Kedua geng ini tidak pernah akur dalam hal apapun, selalu saja bersaing menunjukkan siapa yang paling hebat di antara mereka.
Zayn berdiri paling depan, matanya menatap tajam ke arah lawan-lawannya. Wajahnya dingin, seperti biasa, tanpa ekspresi. Tangannya menggenggam erat setang motor, jari-jarinya yang kekar menggenggam gas seakan siap meledak.
"Jangan kasih ampun, bro," kata Ryu, sambil menatap Zayn dengan senyuman penuh tantangan.
Axel, yang berdiri di samping mereka, melirik dengan tatapan tajam, "tunjukkan siapa yang paling hebat bro."
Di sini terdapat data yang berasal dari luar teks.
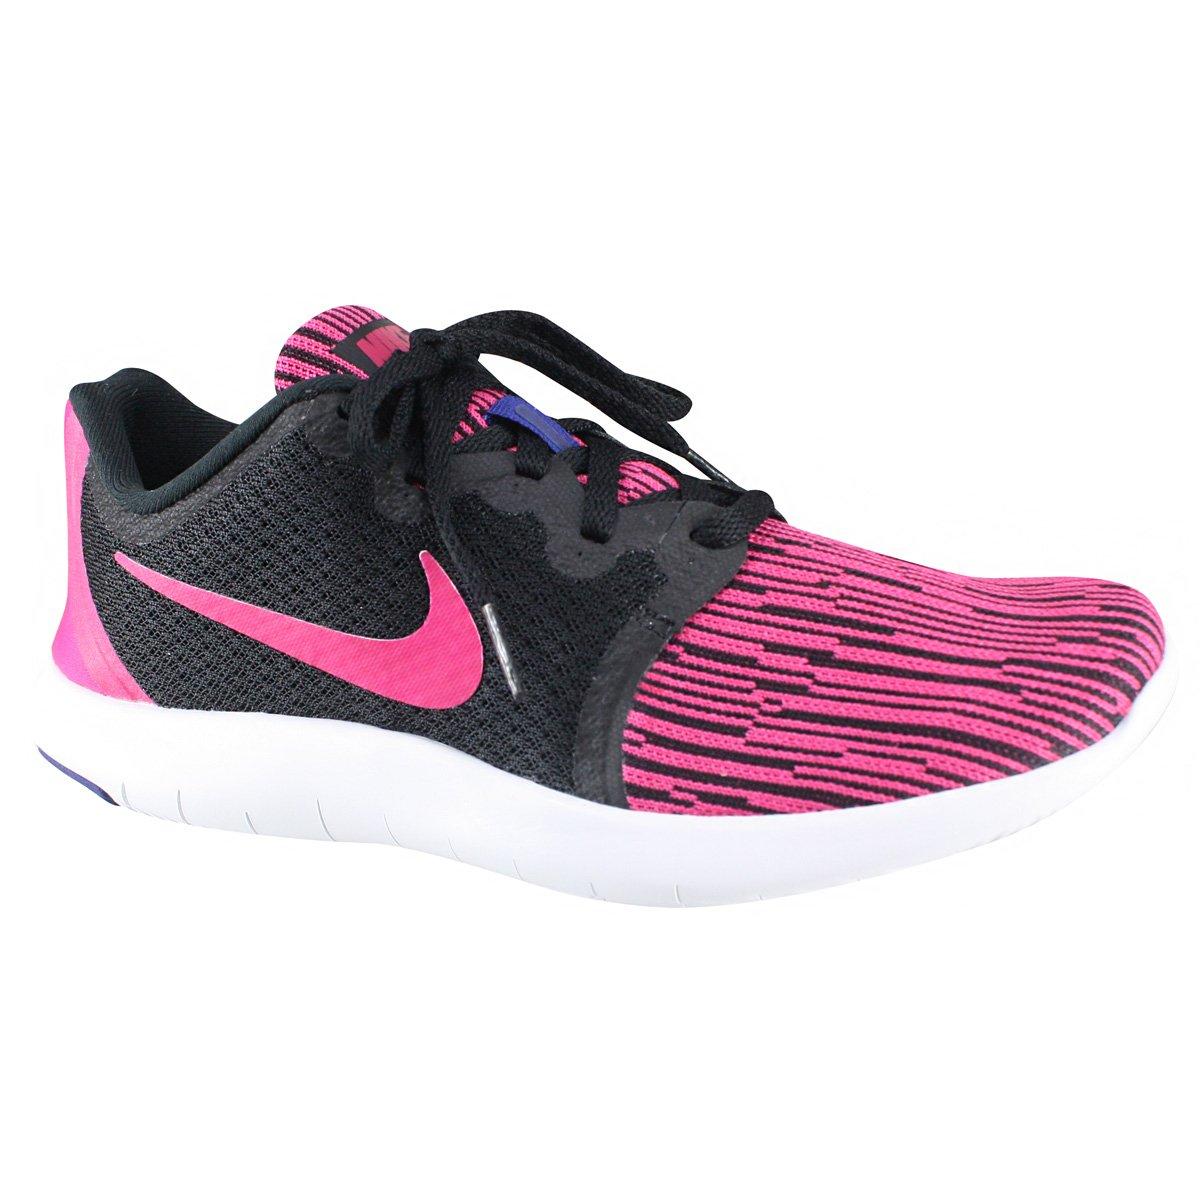 96a6a45d91 Tênis Feminino Nike Flex Contact 2 AA7409-003 - Preto Rosa ...

Zayn hanya mengangguk, kemudian menarik napas dalam-dalam. Mesin motor dihidupkan, mengeluarkan suara bergemuruh yang menggema di malam yang sunyi.
Di sampingnya adalah geng lawan, ketua geng motor Venom Riders, Aldrich Varen.
"Bantai mereka, tunjukin siapa Venom Riders," ujar Ares kepada Aldrich Varen.
"Tiga... dua... satu...!"
Tanpa peringatan lebih lanjut, gas diputar penuh. Semua motor meluncur, menyapu jalanan dengan kecepatan yang memecah keheningan malam. Zayn memimpin, diikuti Aldrich, mereka saling bersaing sengit.
Suara motor yang menderu itu menggema hingga ke setiap sudut jalan, seperti jejak petir yang membelah malam.
Asap knalpot mengepul tebal. Mereka melewati tikungan tajam tanpa sedikit pun mengurangi kecepatan. Zayn merasakan sensasi dingin menyentuh wajahnya, matanya tetap fokus ke depan. "Jangan sampai kalah," gumamnya dalam hati, menambah kecepatan motornya.
Aldrich tidak mau kalah. Dengan keterampilan balap yang luar biasa, dia menyalip Zayn di sebuah tikungan. Wajahnya penuh percaya diri, tangannya tetap kokoh memegang setang.
Namun, Zayn tahu dia harus lebih berhati-hati. Momen itu adalah detik-detik berbahaya yang bisa merubah semuanya.
Tiba-tiba, suara klakson keras dari belakang. Ryu sudah menempel ketat di mereka, siap memanfaatkan setiap celah untuk mendahului. Saling kejar-kejaran semakin ketat, mereka seperti bayangan yang saling mengejar dalam gelap.
Jalanan semakin sempit. Mereka harus memilih dengan hati-hati kapan harus menambah kecepatan dan kapan harus mengerem. Zayn menghindari rintangan yang muncul mendekat.
Hanya ada dua pilihan yaitu menang atau kalah. Geng mereka sudah terbiasa dengan risiko seperti ini, tapi malam ini rasanya lebih mencekam. Namun sayang, tak jauh di depan, lampu mobil polisi terlihat, semakin mendekat dengan cepat. Mereka harus cepat mencari jalan keluar.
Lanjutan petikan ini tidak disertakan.